Artemis 2 Moon flyby brings Spain into view

by Lorraine Williamson
Artemis 2 Moon flyby

More than half a century after humanity last sent astronauts towards the Moon, Artemis 2 is now heading into the most dramatic stage of its mission. For readers in Spain, one of the most striking early moments has already arrived: among the first images sent back from Orion, the Iberian Peninsula could be seen glowing on the curve of the Earth as the crew made its way deeper into space.

That Spain-linked detail gives the story an emotional hook, but the mission itself is much bigger than a single photograph. NASA says the crew reached the Moon’s sphere of influence on Sunday, 5 April, with the key lunar flyby set for Monday, 6 April, US time. During that phase, the astronauts will begin observing parts of the lunar far side and features such as the Orientale basin, a region no human crew has ever fully seen before.

The most important hours are still to come

This is the first crewed lunar mission since the Apollo era, but Artemis 2 is not a landing mission. Instead, it is a high-stakes test flight designed to send four astronauts around the Moon and safely back to Earth, proving the systems NASA will later need for a return to the lunar surface. Reuters reported after the translunar injection burn that Orion was committed to a record-setting journey that would take the crew farther from Earth than any humans have travelled before.

NASA’s current mission updates say the main flyby observation window will run from 2.45 pm to 9.40 pm EDT on Monday, 6 April, which in mainland Spain means roughly 8.45 pm on Monday to 3.40 am early Tuesday. NASA’s published schedule also points to a predicted 40-minute communications blackout as Orion passes behind the Moon, with closest approach expected at 7.02 pm EDT, or just after 1.00 am in Spain.

Spain and Europe already have a place in the story

The most obvious Spanish link so far is visual. El País highlighted how the first Earth photographs from Orion showed la península Ibérica centelleando as the planet curved into darkness, one of those rare space images that feels both historic and oddly intimate. The same report noted that the crew had also captured auroras and the day-night boundary on Earth, adding to the sense that this mission is as much about perspective as engineering.

There is also a wider European angle. ESA says the European Service Module, built by European industry, is the propulsion heart of Orion and is providing the power that guides and steers the crew towards the Moon and back. In other words, Europe is not just watching Artemis 2 from the ground; part of the hardware making the mission possible is European too.

What the astronauts are about to see

NASA says the crew is now beginning to see parts of the Moon’s far side, with the Orientale basin already appearing on the edge of the lunar disk in mission imagery. The agency describes Artemis 2 as the first time humans have seen the entire basin, and says the astronauts will continue studying it from multiple angles during the flyby.

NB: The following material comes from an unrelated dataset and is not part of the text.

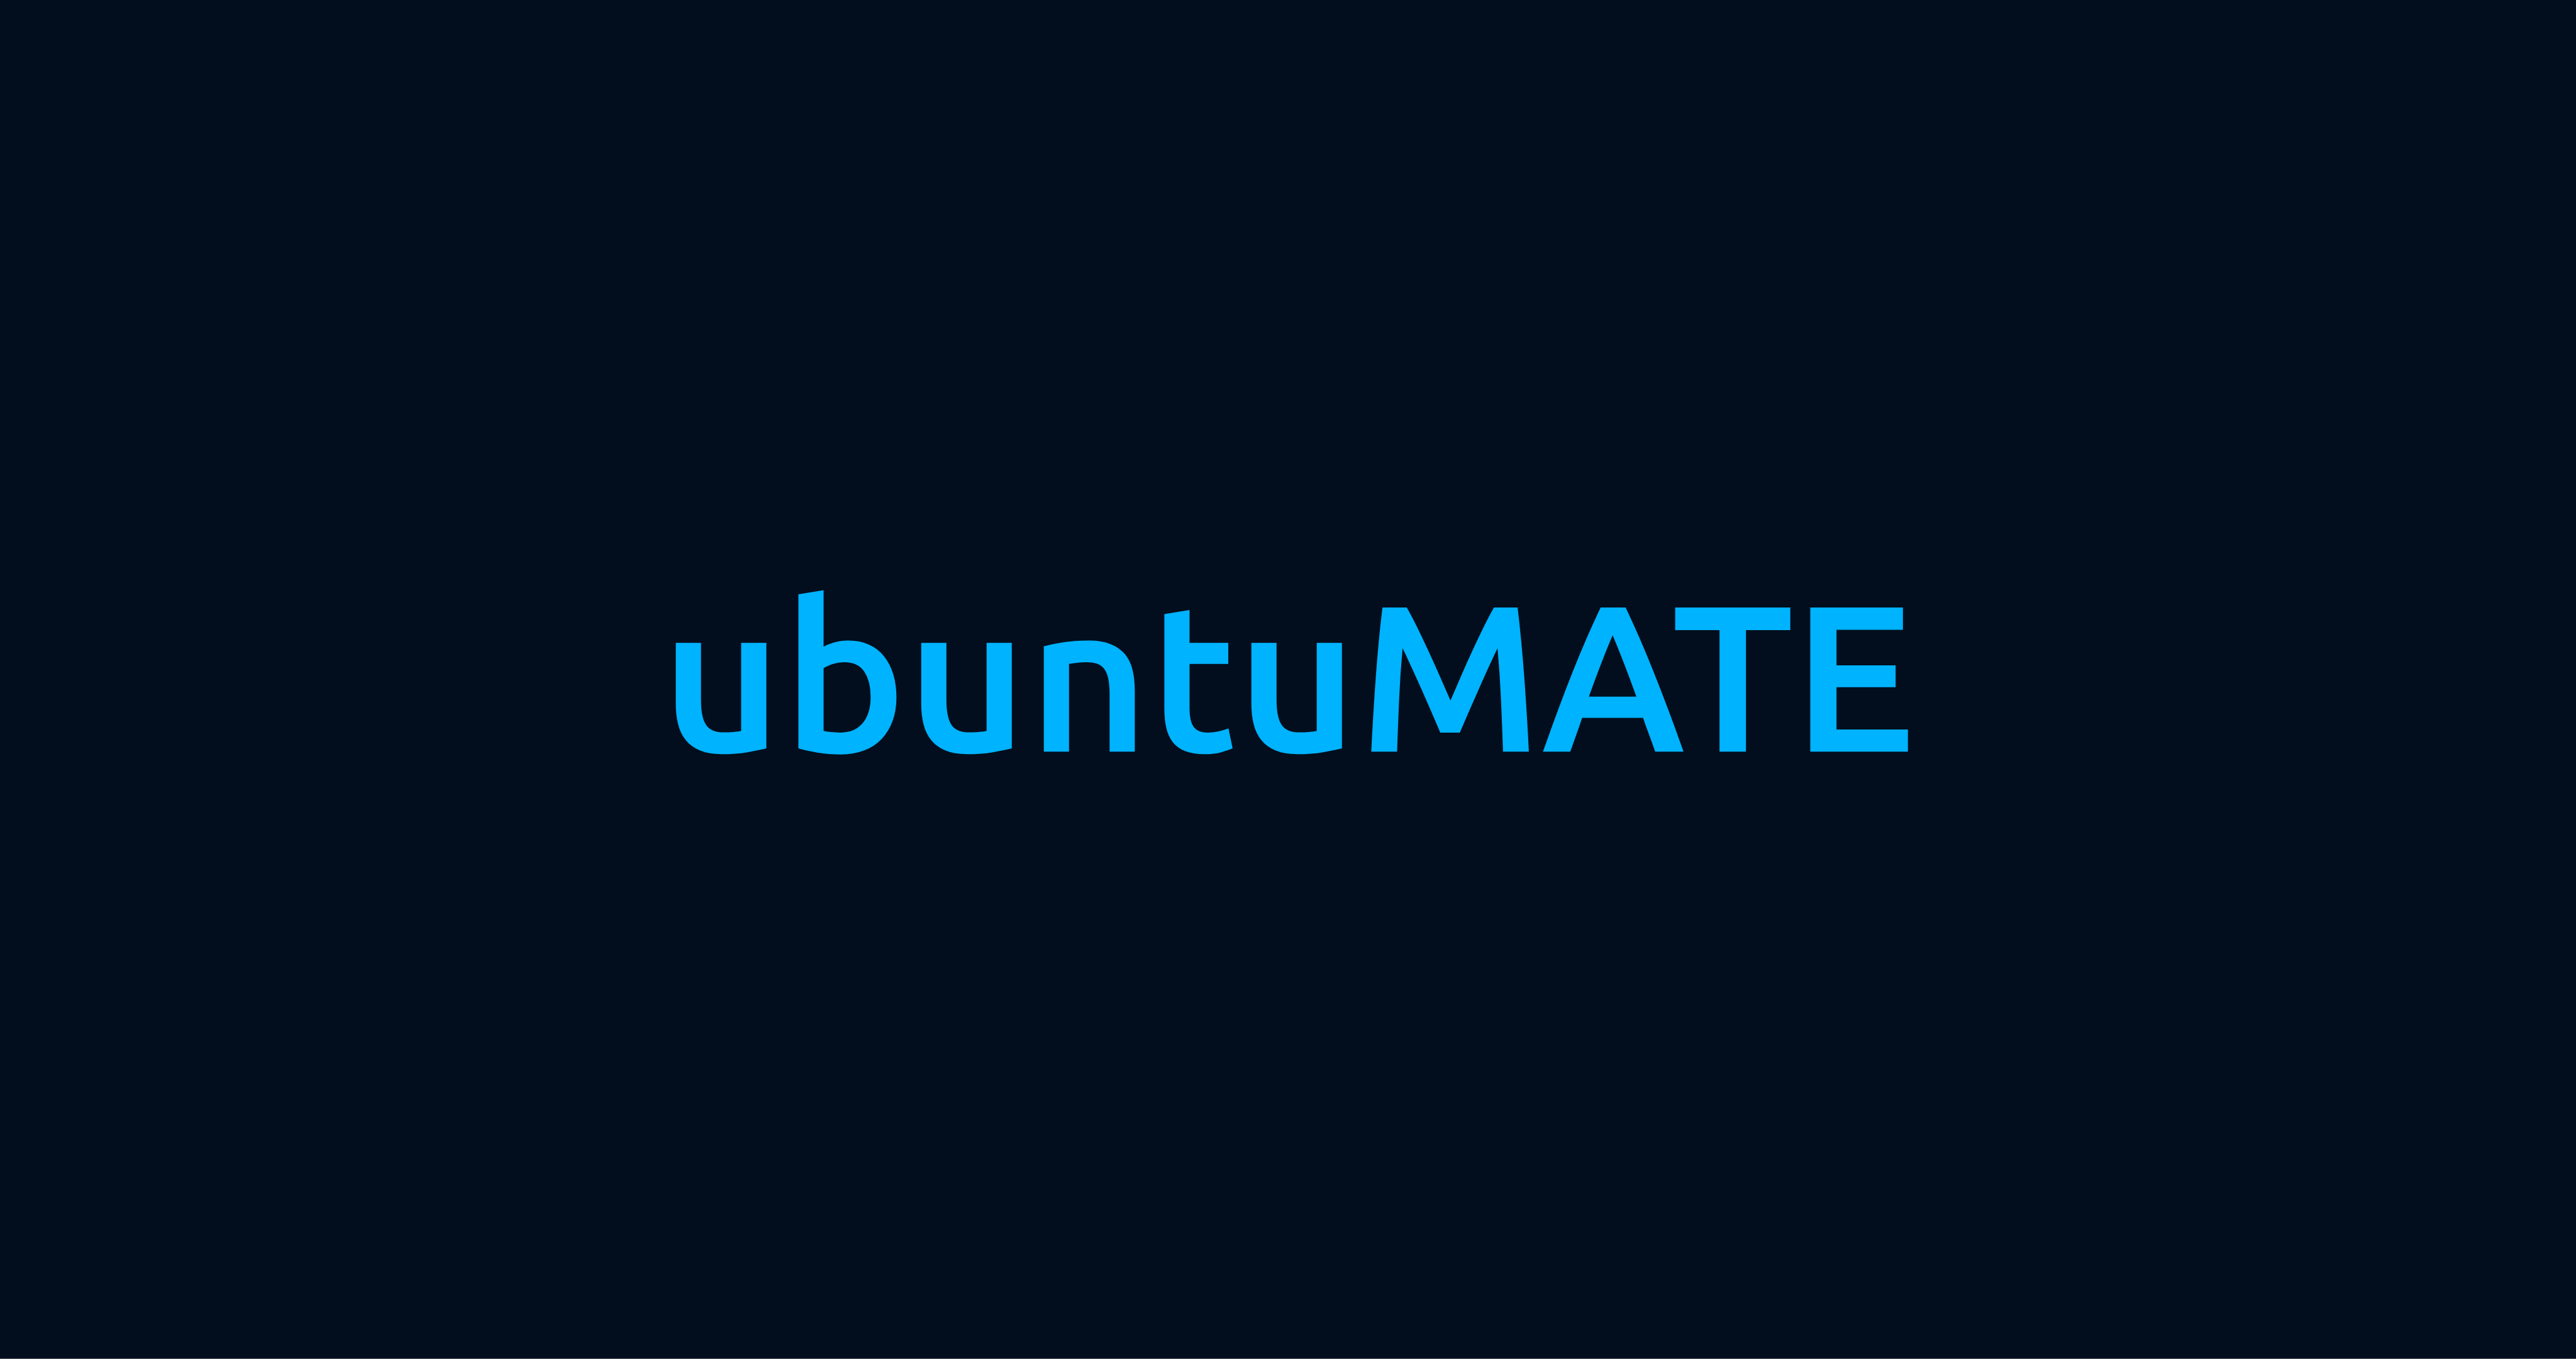 ubuntu MATE Dark Blue Wallpaper

That matters because Artemis 2’s route is not simply repeating Apollo. El País notes that the Orion crew will fly the far side at a much greater height than Apollo 8, around 4,000 kilometres, which should allow a broader pole-to-pole view of terrain that earlier missions could not fully observe. NASA has also said the changing angle of sunlight during the flyby should help reveal ridges, crater rims and other surface detail more clearly.

Why this mission matters beyond the spectacle

It is easy to treat Artemis 2 as a nostalgia story, but NASA’s timetable shows it is really a bridge mission. The flight is testing Orion’s systems in deep space, the crew’s ability to work during a lunar flyby, and the practical choreography needed before astronauts try to return to the Moon later in the decade. Reuters has framed it as the first crewed step in the modern Artemis programme, which aims to put humans back on the lunar surface and eventually build a sustained presence there.

For Spain, this is one of those international stories that still lands personally. There is the image of the peninsula shining on the edge of Earth, the European hardware helping to power the spacecraft, and the simple fact that millions of people across Europe will be watching the next stage of the mission unfold late on Monday night. That is what gives the Artemis 2 Moon flyby a little more warmth than a standard space update.

Monday night’s watch moment

The headline moment is still ahead. If the schedule holds, Orion will sweep around the Moon on Monday, 6 April, disappear briefly into blackout behind the far side, and then re-emerge having taken humans farther from Earth than ever before. For a mission built as a rehearsal, that is already starting to feel like history in its own right.